In the first few weeks of his captivity, after first demanding, then begging the locals to release him, Jumpei becomes more creative in his efforts to escape. He ties up the widow to keep her from shoveling. He envisions revitalizing Tottori as a tourist attraction. He brainstorms ideas for agriculture, like tulips and peanuts, which will both grow in sand. He threatens to tear the house apart to build a ladder. He forms a makeshift grappling hook and braids a cloth rope in hopes of climbing out. He even tries to trap a crow to use as a messenger for an S.O.S. All to no avail.

Over time, Jumpei settles into the widow's routine, sleeping by day, shoveling sand by night, eagerly awaiting the weekly rations of food, water, whiskey, and cigarettes, which arrive by pulley, wrapped in a newspaper. As the seasons come and go, Jumpei comes to know the widow, beginning with the obvious question: Why doesn't she just let the sand engulf her house and walk away. To which she replies that her husband and daughter were buried there by a sandstorm, and she knows no other way of life. "If it weren't for the sand, no one would even bother about me."

But as one might expect, Jumpei and the widow share more than conversation in their sandy confines.

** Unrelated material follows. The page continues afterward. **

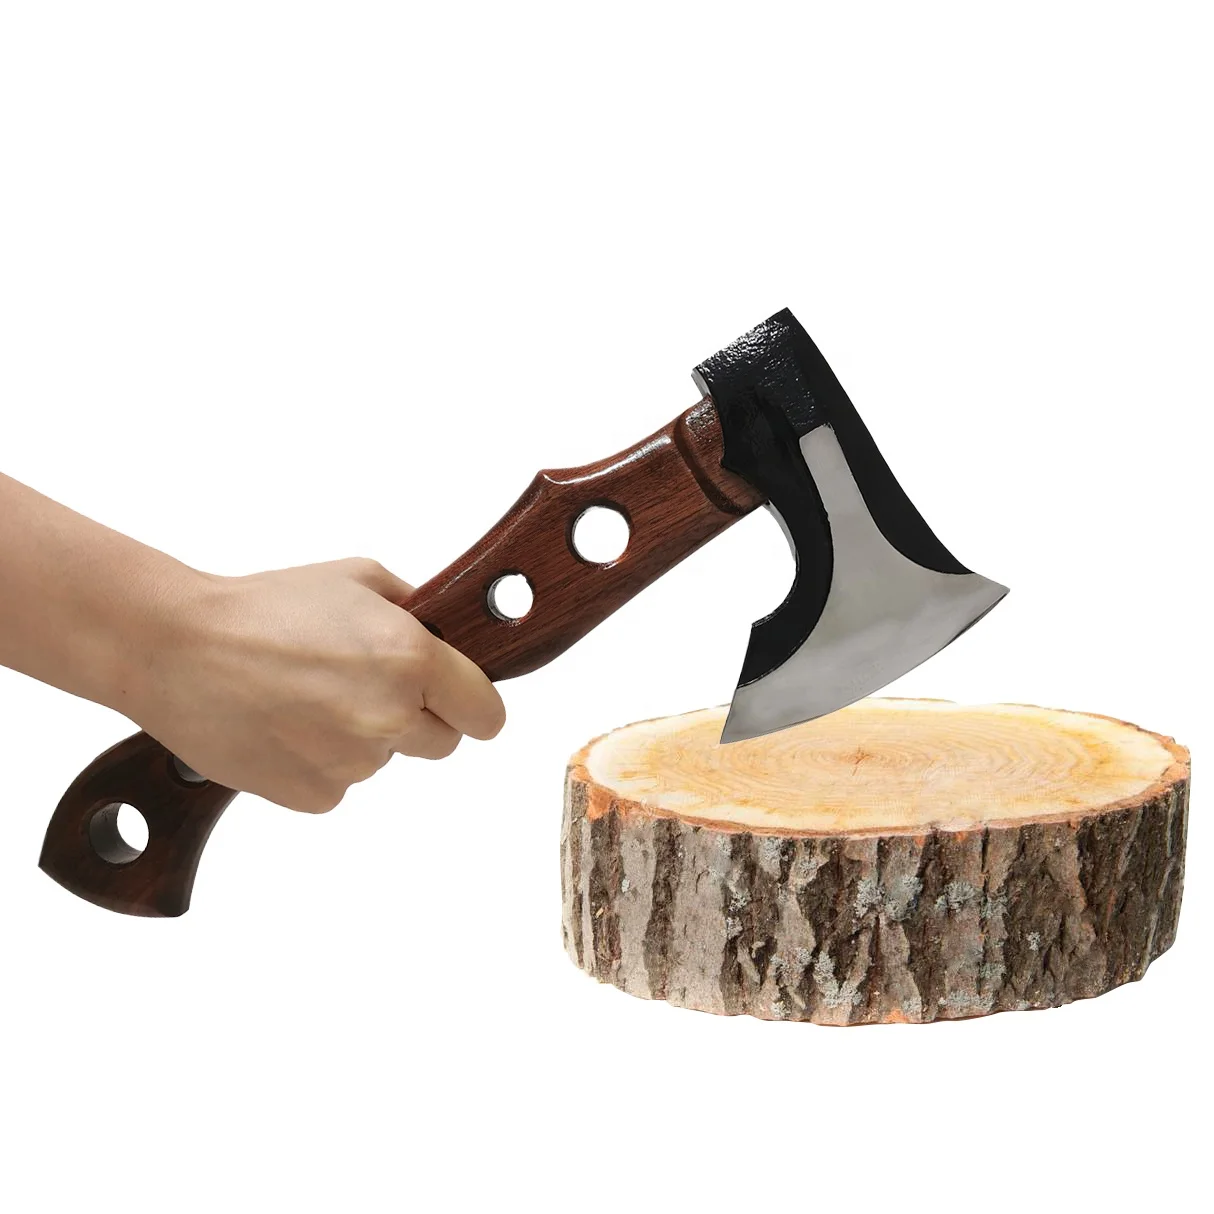 Customizable Camp Survival Felling Axe Forging Cutting Hatchet Hunting Axe Splitting Camping Axe with Bamboo Handle for Outdoor
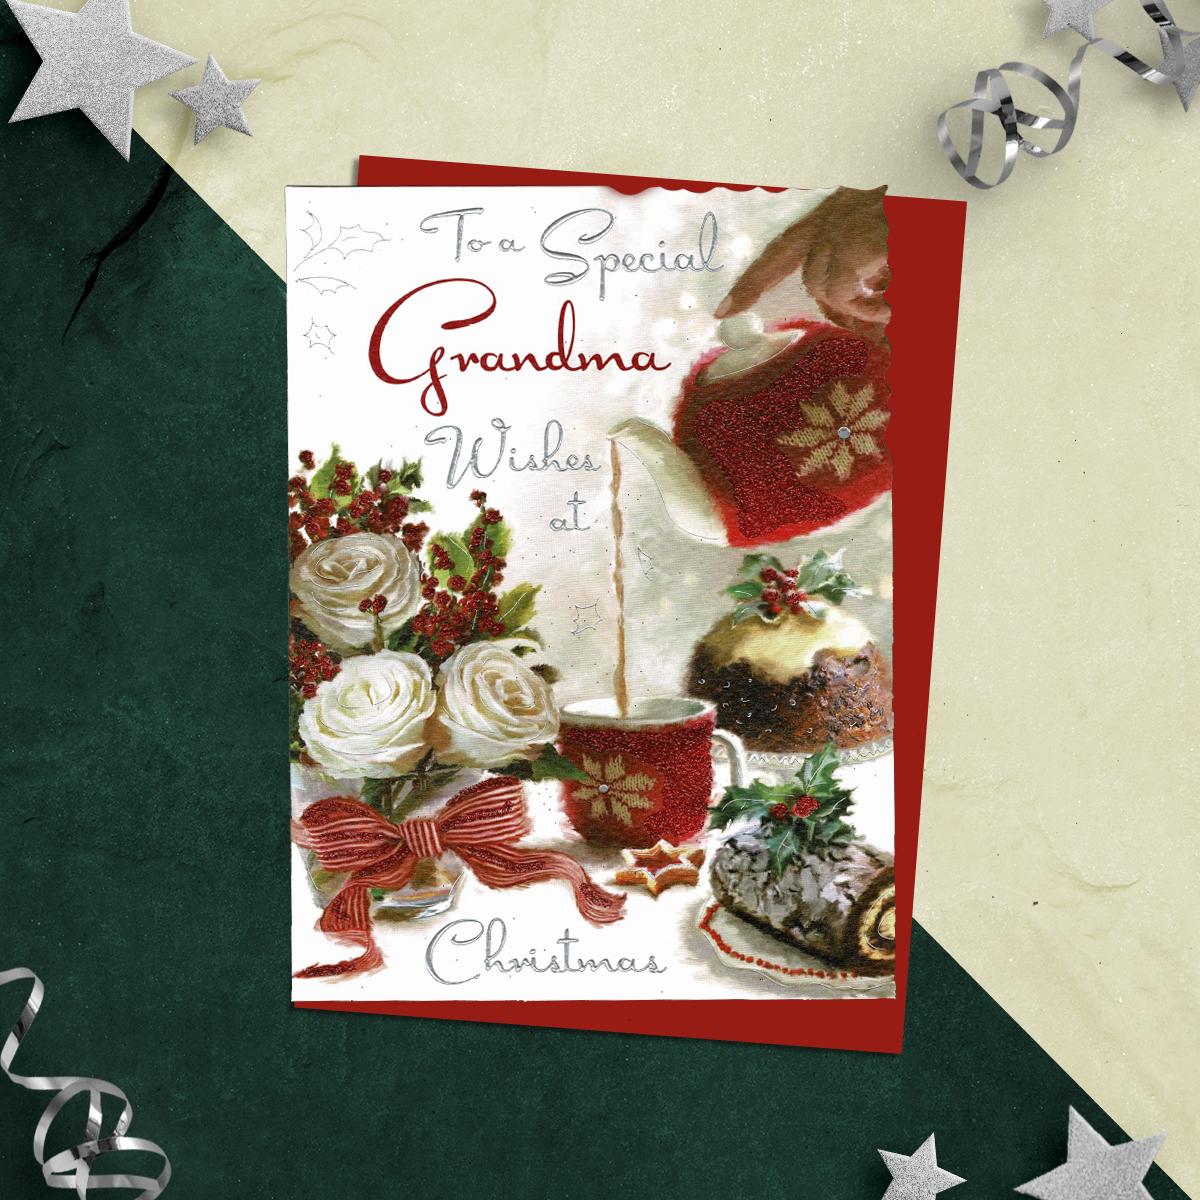 To A Special Grandma Wishes At Christmas Featuring Tea Being Poured And Christmas Cake! Finished With Silver Foiled And Red Lettering, Red Glitter And Red Envelope

Nature takes its course, and when the widow becomes pregnant and begins to suffer complications, it seems that Jumpei may finally get his chance to escape from this tender trap.

For all its stark simplicity, Woman in the Dunes is an existential masterpiece. The search for meaning within the archetypal struggle of Man versus Man, Man versus Nature, and Man versus Himself, is revealed through potent symbolism, illuminated by transcendent black-and-white cinematography that captures in micro-detail the textures and contours of this strangely sandy and forbidding world. And the provocative juxtaposition of a dutiful widow resigned to her fate, and an unrelenting scientist with a gnawing desire to leave his name in the history books, ultimately shows that hope springs eternal from even the most barren landscape.